The light poured in through the window across the room and was bright, even behind my closed eyelids. I pressed the heels of my hands to my eyes, trying to block it all out, and groaned. It had been a long night, and the prospect of dragging myself out of bed and into work was not appealing. At all.

I pushed myself up on my elbows and blearily cracked open my eyes. The light was blinding, due in large part to what looked like a flurry of snow blowing wildly in the wind.

Great.

I glanced over to the woman beside me in bed. She was naked, as usual, but the sight of her bare back and her long red hair spilled all around her did absolutely nothing for me. I wasn't surprised. After the argument we'd had last night and the weeks – no, months – of tension between us, it felt good to realize I felt nothing. Not remorse. Not sadness. Nothing.

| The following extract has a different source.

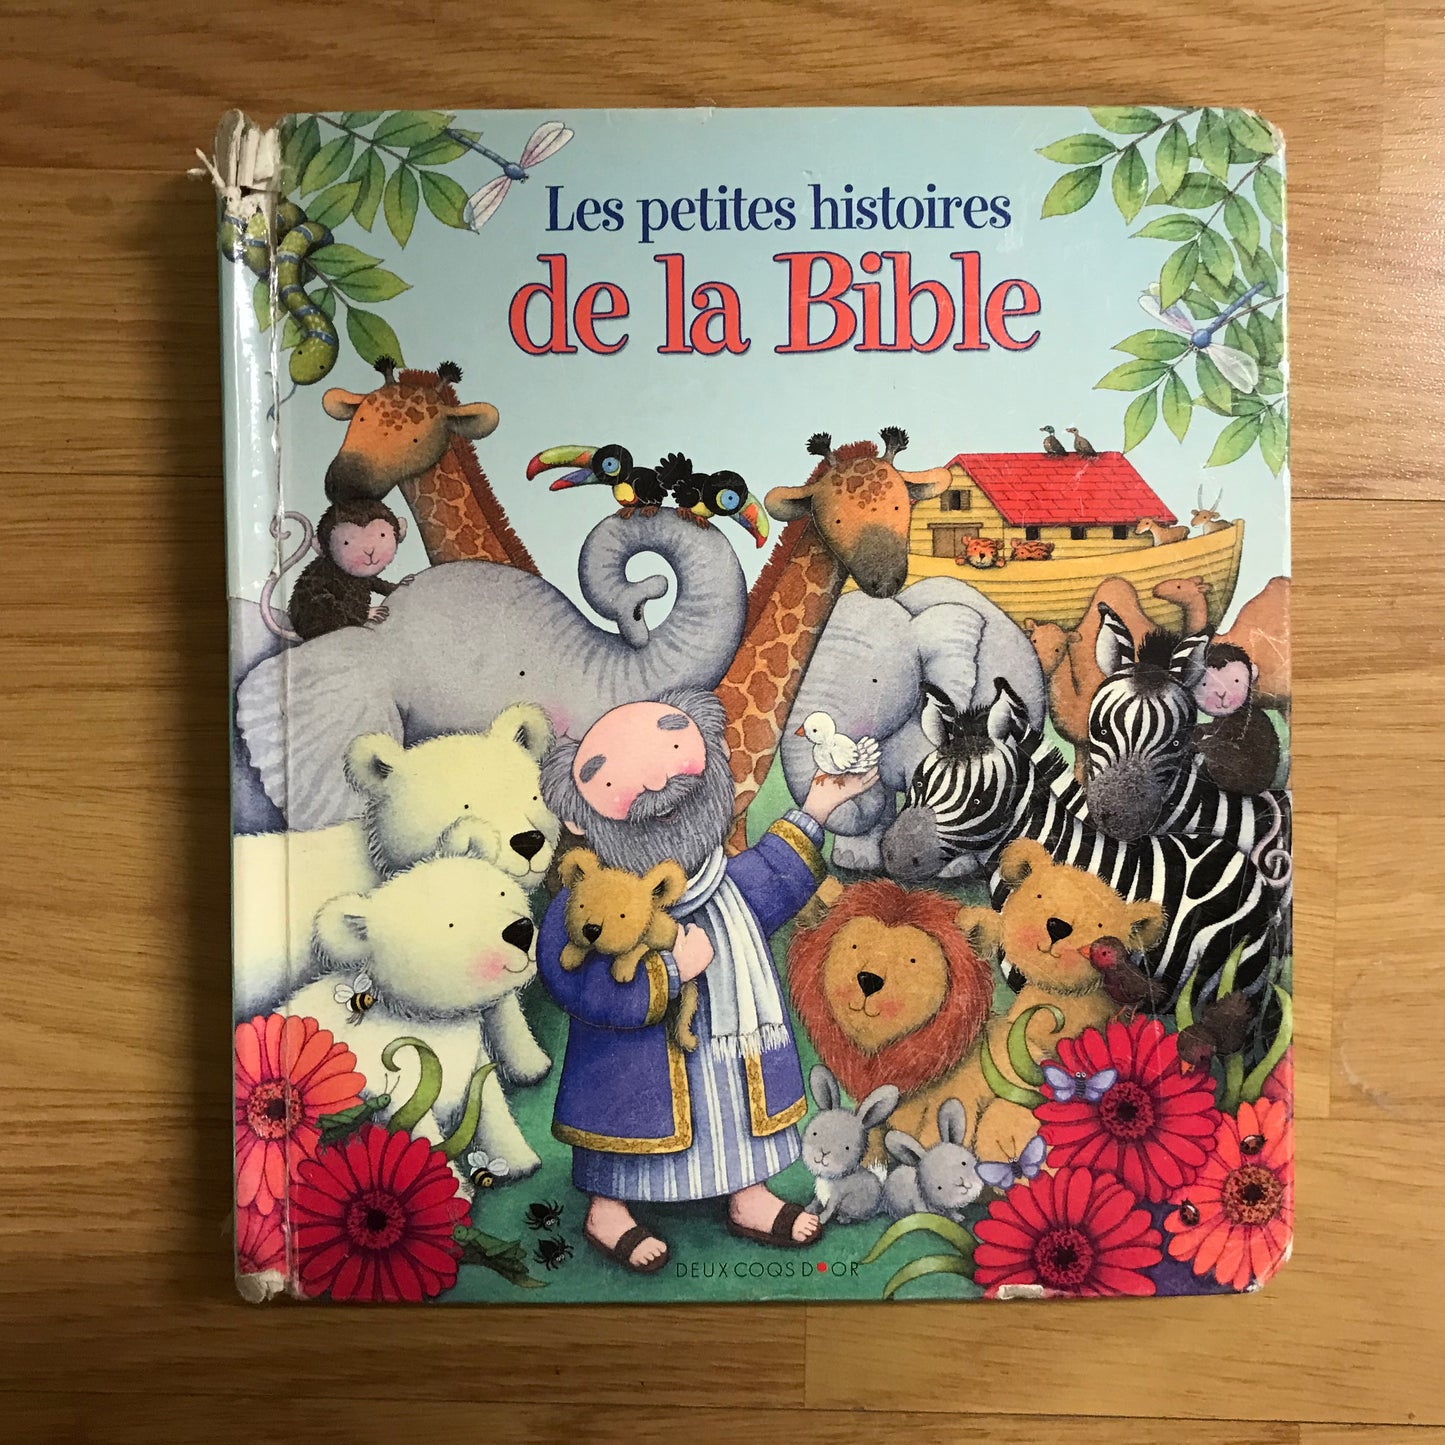 Les petites histoires de la Bible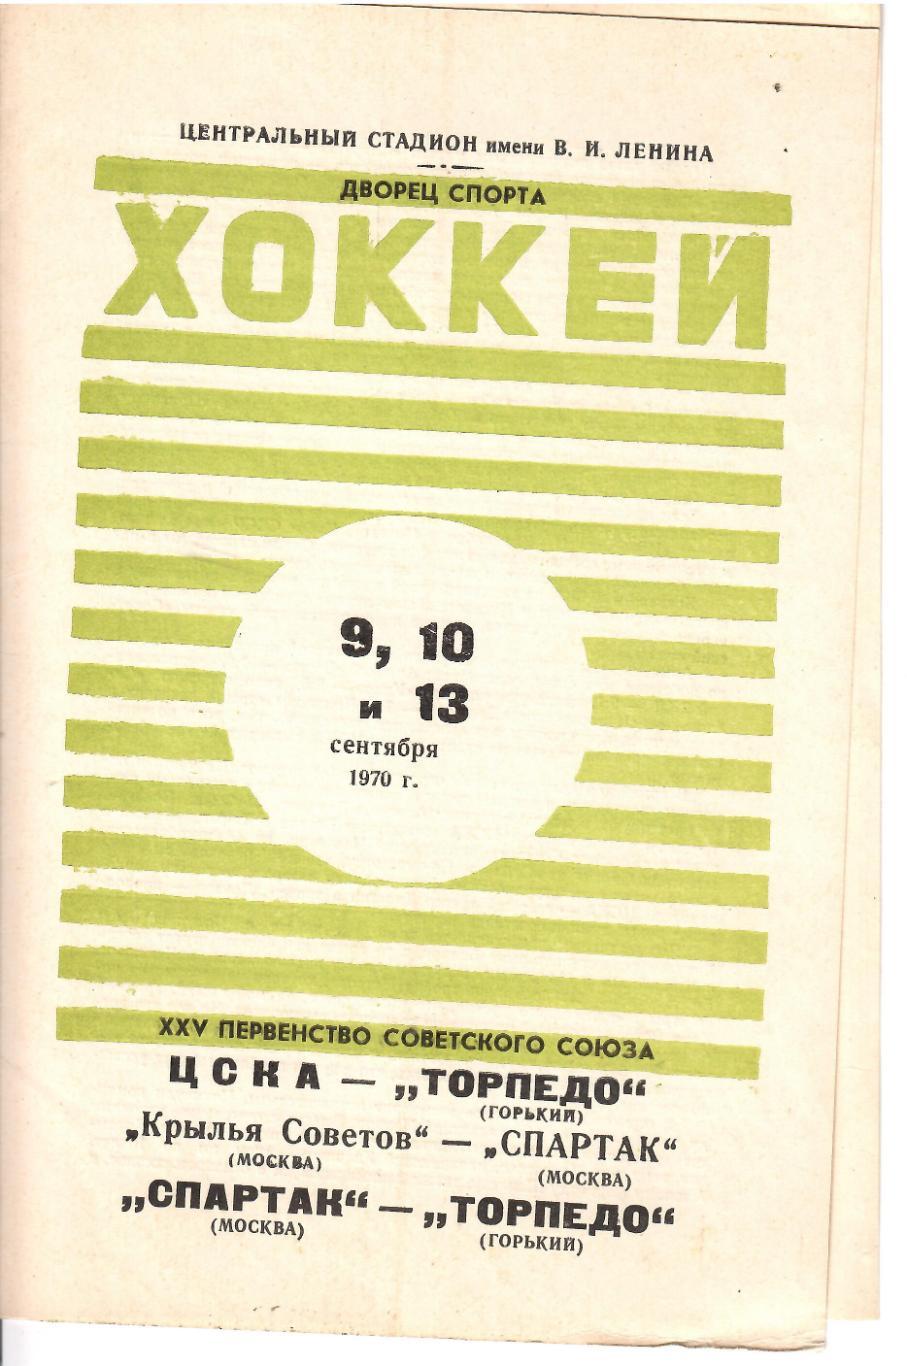 1970 Хоккей ЦСКА - Торпедо - Крылья Советов - Спартак Москва

I decided not to dwell. Instead, I dragged myself out of bed and into a very hot shower. By the time I got out, Victoria was out of bed, and from the sound of it, downstairs in the kitchen. The thought of confronting her, ending it, was not appealing, but it was time. It had been for a while.

After I was dressed, with jacket in hand, I trudged down the stairs. I had no idea what I'd find when I got down there, but the sight of Vic in one of my button down shirts, long lean legs fully exposed, and a thick pair of fuzzy, striped socks wasn't it.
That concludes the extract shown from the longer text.